4 See, e.g., In re Gage, 394 B.R. 184, 196 (Bankr. N.D. Ill. 2008) (Squires) (Contempt not appropriate when attorney received fees above flat-fee contract but refunded excess and corrected Rule 2016 statement. Attorney “testified that the error in the instant Rule 2016 statement was the result of his failure to carefully review the document. While this certainly demonstrates carelessness on [attorney’s] part, it does not rise to the level of an abuse of the judicial process.”); In re Burke, 281 B.R. 367 (Bankr. S.D. Ala. 2001) (Debtor’s attorney avoided problems under Bankruptcy Rule 9011 by amending inaccurate disclosure of compensation before anyone raised the issue.).

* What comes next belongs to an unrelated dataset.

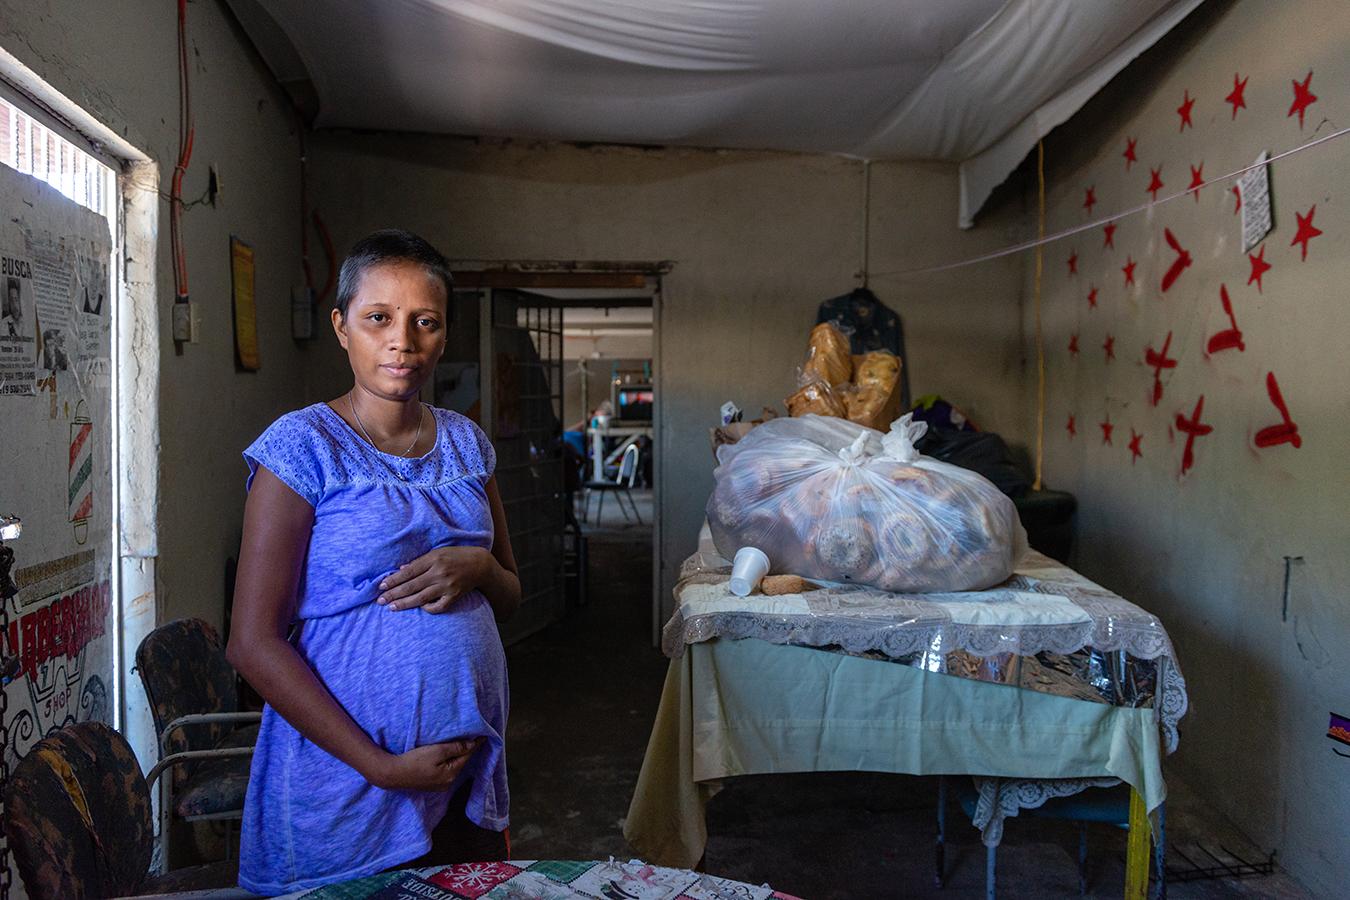 Grevy Marisela Jiménez Martínez. Foto: Heidi de Marco/California Healthline.

5 See §§ 294.1 [ Debtors’ Attorneys’ Fees ] § 136.6 Debtors’ Attorneys’ Fees before BAPCPA and 515.1 [ Debtors’ Attorneys’ Fees ] § 136.7 Debtors’ Attorneys’ Fees after BAPCPA. See, e.g., Law Offices of David A. Boone v. Derham-Burk (In re Eliapo), 298 B.R. 392 (B.A.P. 9th Cir. 2003) (Attorneys signing the “Rights and Responsibilities Form” in the Northern District of California agree to accept fees subject to published maximums and need not file detailed time and services records required by Bankruptcy Rule 2016; attorneys seeking fees in excess of the maximums provided in the guidelines must comply with Bankruptcy Rule 2016 and file a detailed statement and disclosures.). See also In re Young, 285 B.R. 168, 173–74 (Bankr. D. Md. 2002) (“[T]his court finds that the purposes of Rule 2016(a) are satisfied without the filing of a separate document entitled application for compensation, where the fee is a flat fee, and is fully disclosed by the original Rule 2016(b) disclosure. . . . However, if the fee is not entirely a flat fee, but rather has an hourly rate or unliquidated feature, a formal application under Rule 2016(a) is required as a prerequisite to allowance as an administrative expense.”).